4- Relativize all link targets that are inside the workspace
5- Dont persist link targets after all, but re-read them from the file system
   on startup. Might pose the inconsistency problem mentioned before.

My personal feeling is that we should persist link targets; this is in line with the general way how the workspace works, especially for slow remote locations we have a cached local copy of file stat. I think we should model the file system as accurately as we can, so I think I'm in favor of (2). Doing this might mean that we'll want to try and compute a canonical path ourselves at times.

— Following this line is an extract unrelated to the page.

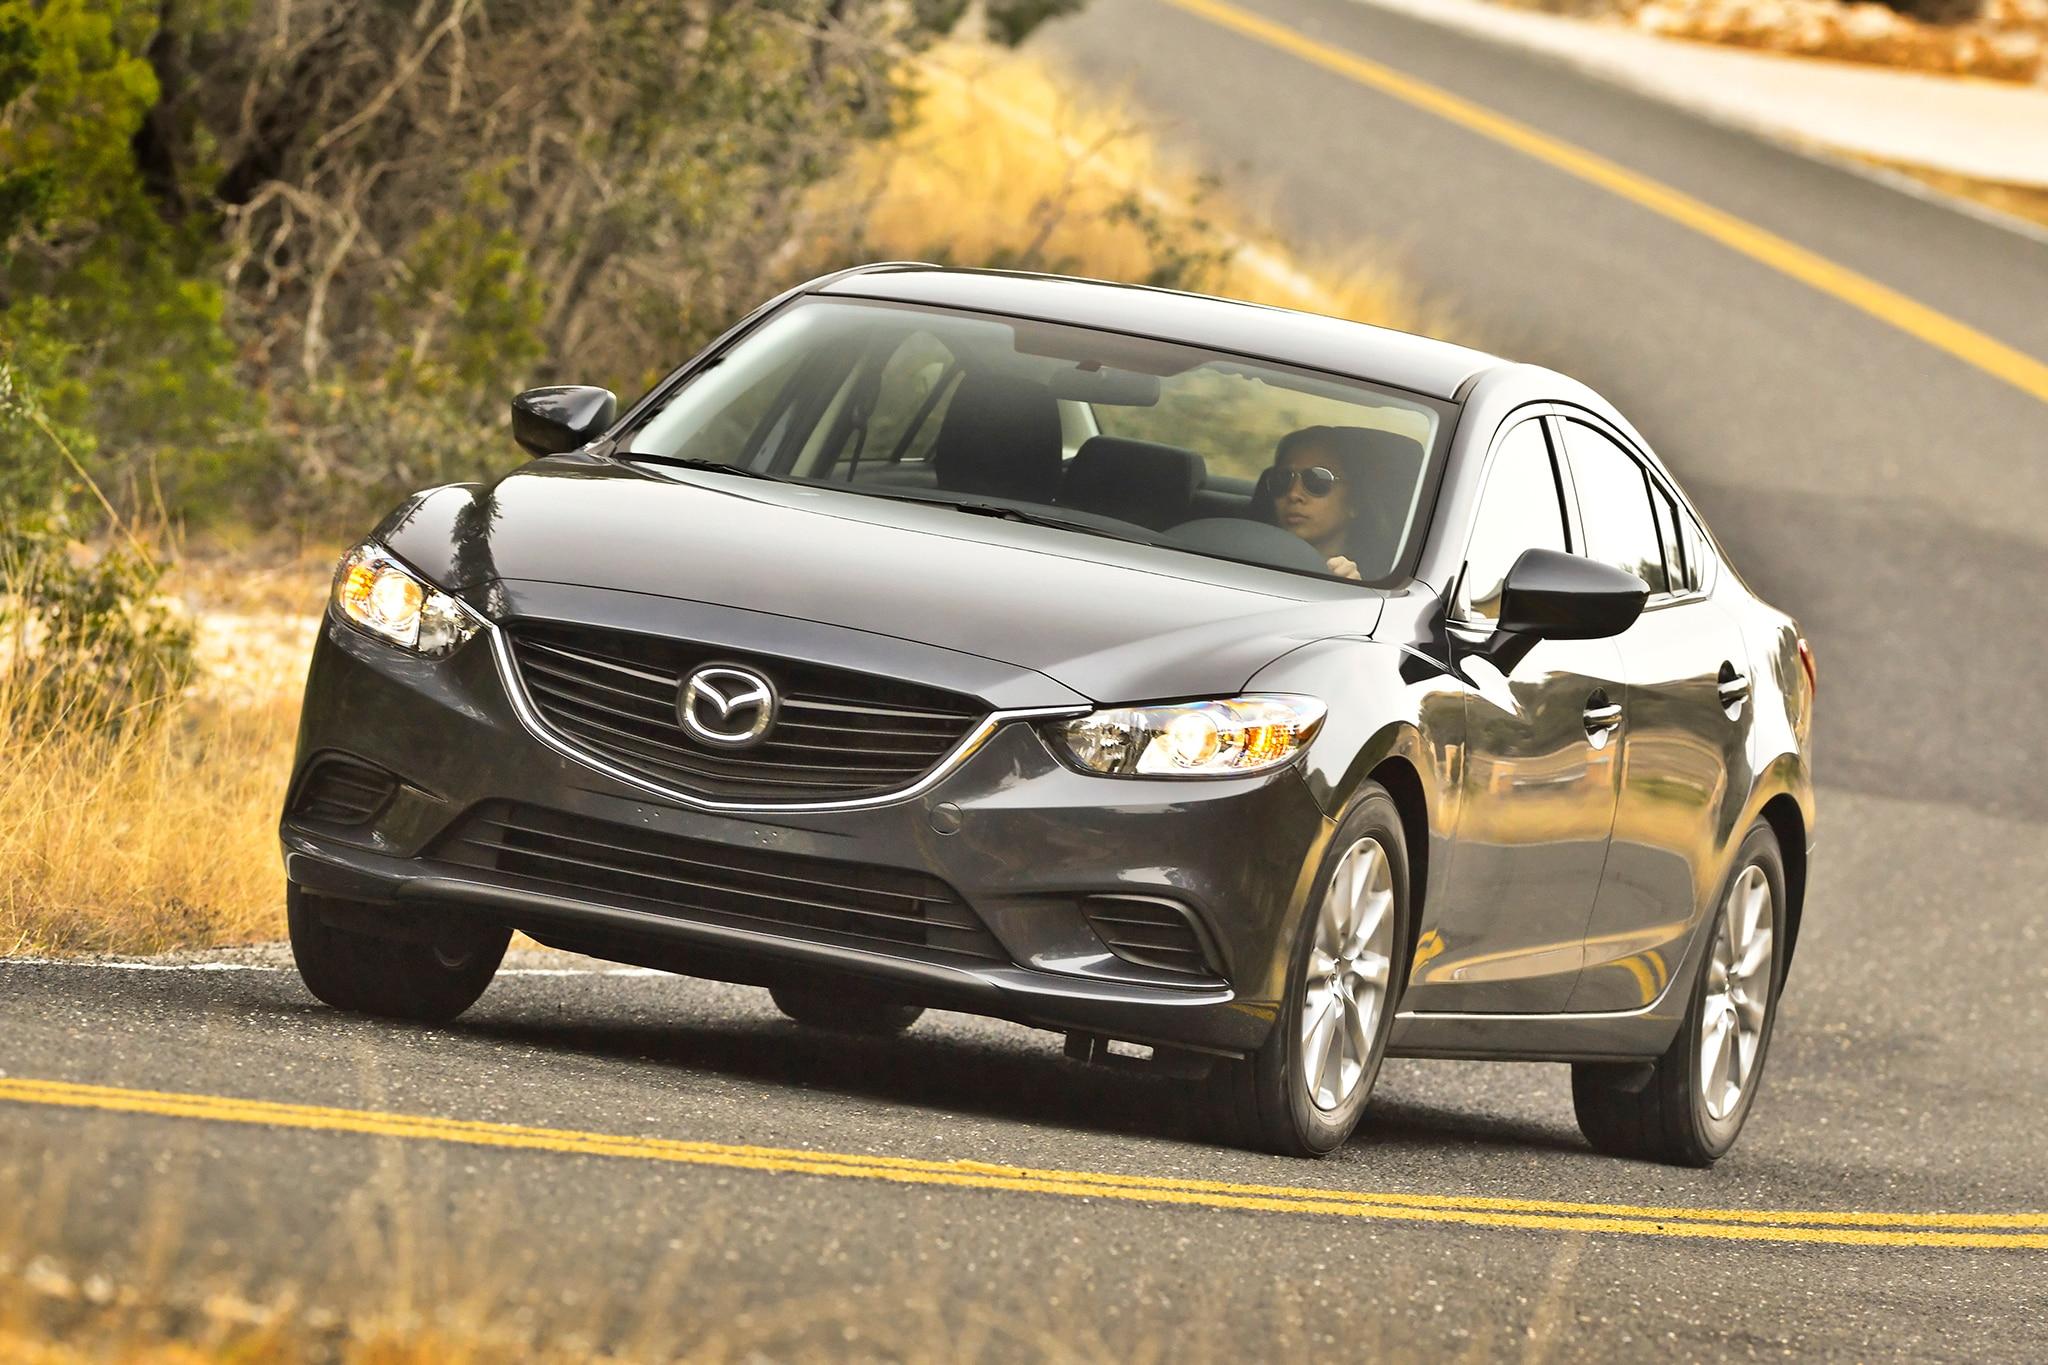 2014 Mazda6 Sport Front Three Quarters View1

Is the matter of having the workspace "portable" to a different root/location even an issue? What do others think? I think that I've come across this issue before, related to e.g. ClearCase where users would like to re-use the same workspace on /view/view1/vobs/x and /view/view2/vobs/x.
Comment 16 John Arthorne CLA 2008-10-23 15:51:12 EDT
Workspace portability is important. In disk storage we typically deal with project relative paths where possible. This enables workspace move, and also moving of projects without having to rewrite files on disk.

Having said that, this case is a bit different, because we are getting back an absolute path from File.getCanonicalPath() and we don't even know the relative path the symlink is using. The best I can think of is to convert this canonical path to a project-relative path where possible. If not below the project, persist an absolute path.  My fear though is that this will not handle all moves properly, since we would be persisting a different relative path, relative to a different base location, from the symlink itself.
Comment 17 John Arthorne CLA 2009-05-18 22:36:45 EDT
*** Bug 276787 has been marked as a duplicate of this bug. ***
Comment 18 Martin Oberhuber CLA 2010-02-03 04:07:24 EST
Created attachment 158010 [details]
Complete patch including regression test

Attached patch fixes the original issue case 1 from the description. This is a much simplified code for the algorithm proposed and tested by John Pruitt in comment 3, and approved by John A in comment 4 and comment 10.

Rather than waiting for a more general solution which would also fix case 2, I'm going to commit this since it satisfies the submitter's original needs as well as Szymon's regression test. I slightly modified the regression test to re-use existing createSymbolicLink() and avoid running the test when symbolic links are not supported.

For fixing case 2, it's going to be necessary to track all symbolic links in the workspace in some data structure and keep them up-to-date. This matches the description of bug 198291, so I'm going to track it there.

Two more special cases should be covered by the Unittest:
  (a) 2 symbolic links to the same location should return 2 files (comment 5)
  (b) find files when the project location itself is on a symbolic link, i.e.
      the canonical path of the project location != the original path of it.
Comment 19 Martin Oberhuber CLA 2010-02-04 12:49:25 EST
(In reply to comment #18)
I just committed improvements to Szymon's regression test, to ensure that the test cleans up its temporary files when done. I also added a testcase for
comment 5, but found out that this also needs to be addressed by bug 198291, so that additional test is currently disabled.

I'm marking this FIXED since the original problem is fixed, and I do not have time now to write the additional test case for

>   (b) find files when the project location itself is on a symbolic link, i.e.
>       the canonical path of the project location != the original path of it.

If that turns out being an issue, then it'll need to be addressed by storing the project location in both its canonical form as well as its originally specified form. But that can also be tracked with a separate bug if the issue arises.